Niall Quinn autobiography
Tuesday, 10 September 2002

We played Oxford a few days later.  We won but I got subbed and as I went off the Sunderland crowd cheered.  I couldn’t run, couldn’t do anything rigorous.  My knee was tattered – no power, lots of pain.  The crowd were on my back all the time.

I had another arthroscope on the Monday but nothing showed up.  In desperation, Neil Medcalfe, our new physio, sent me down to Yorkshire to see a Mr Bollen.  He prodded and poked and said he wanted to open my knee there and then.  Why?  I had my retirement forms.  I had a job with an Irish newspaper lined up.  I was resigned to life after football.  But when Mr Bollen said he wanted to get his scalpel busy right then, hope rose irresistibly.  OK, once more.  Open it up.  I’m nothing if not an optimist.

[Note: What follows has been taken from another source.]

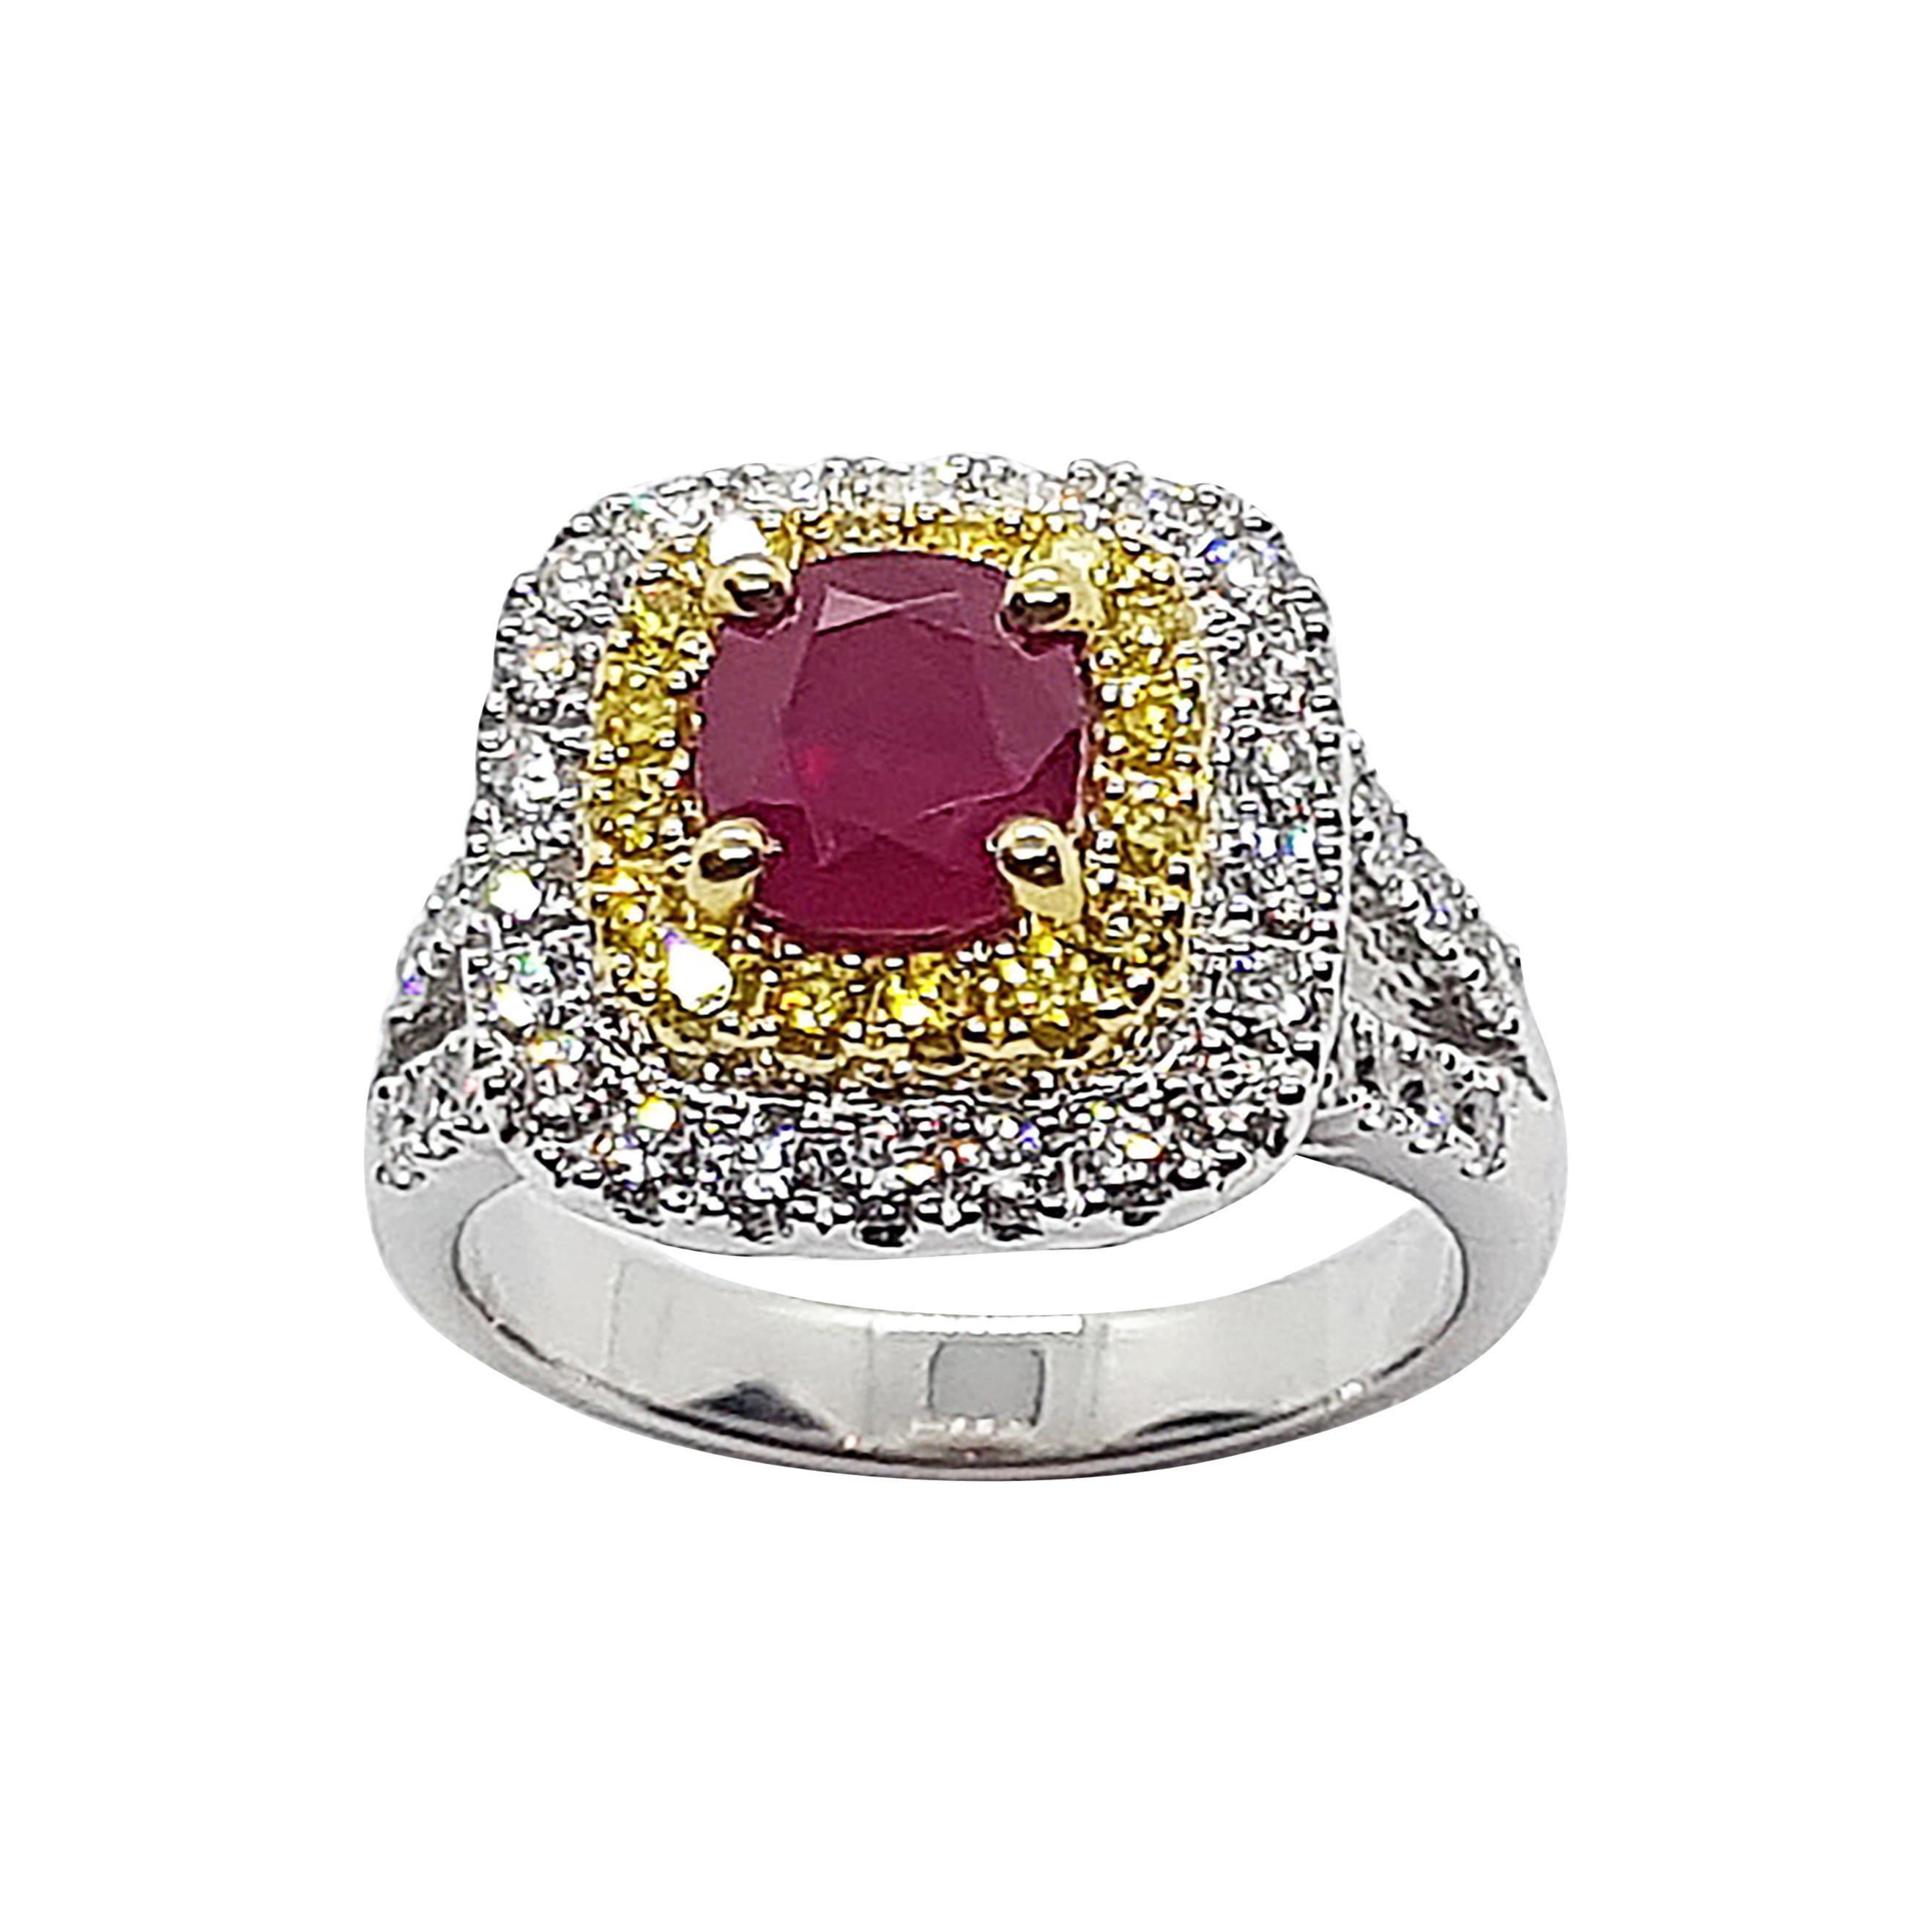 Certified Burmese Ruby, Diamond and Yellow Diamond Ring in 18 Karat White Gold
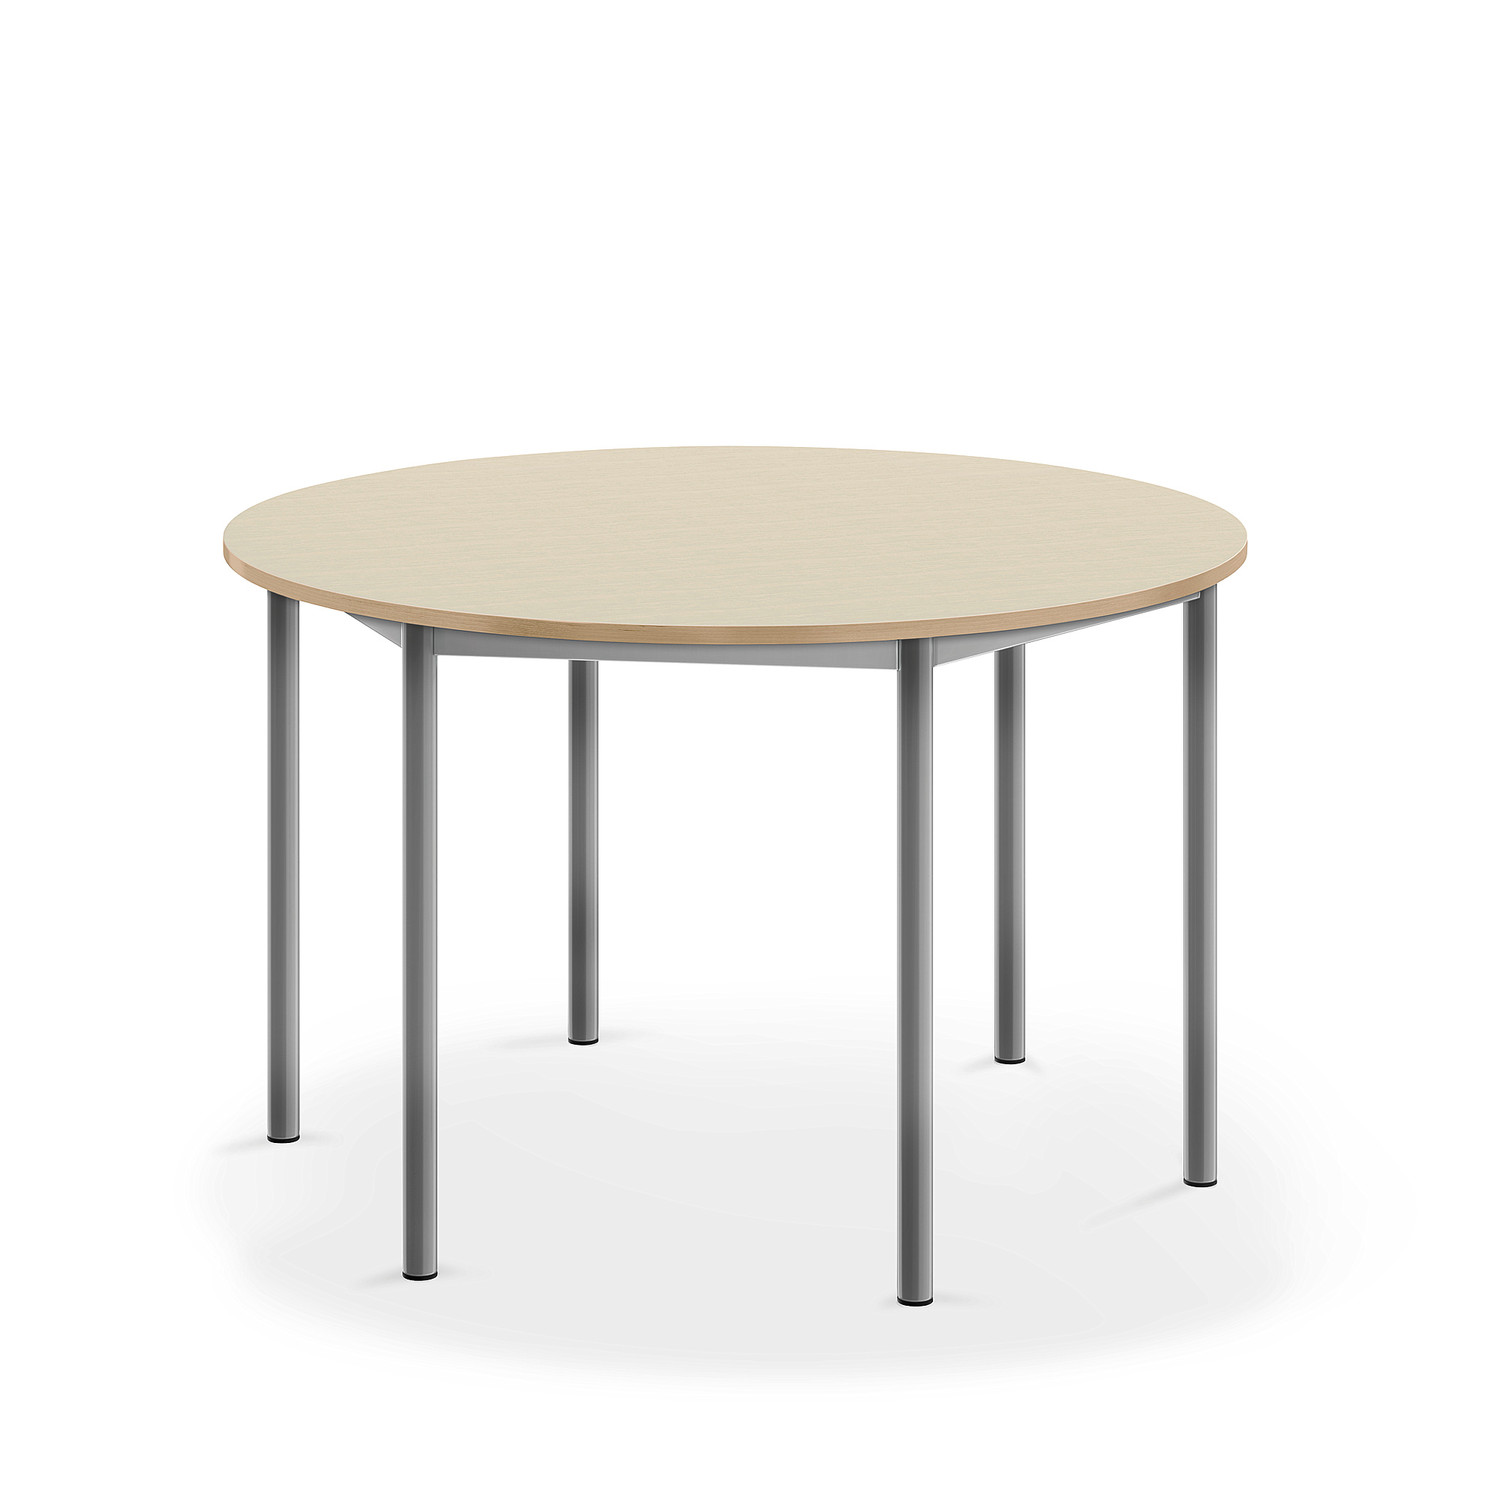 Stůl SONITUS, Ø1200x720 mm, stříbrné nohy, HPL deska, bříza

His hunch was right.  I was suffering from something away from the cruciate.  Mr Weeber had gone a great job on that, but unconnected to that, two bones had fused together.  Mr Bollen unstuck them the next day and put me in plaster for four weeks.  When the plaster came off, I stared to run.  Wow!  I’m like a foal.  I’m running!

When it came to my first game back, against Forest at home, the mood towards me had changed.  People had read in the papers that I was fighting my way back and they gave me a decent reception even though I hadn’t played since I was booed off the last time.  Here they were, cheering me on as if it had never happened, or as if one of us had been drunk at the time.  I was only on for the last three or four minutes but I laid on the equaliser and nearly scored.  I was quietly pleased.

A few weeks later we went down to QPR.  I hit the bar three times, had two goals disallowed and got the winner near the end.  I wanted the game to go on for ever.  Bobby Saxton, our coach, said to me afterwards that no centre-forward in Europe had played as well as I had for the team that day.  I don’t know how he knew, but I loved hearing those words.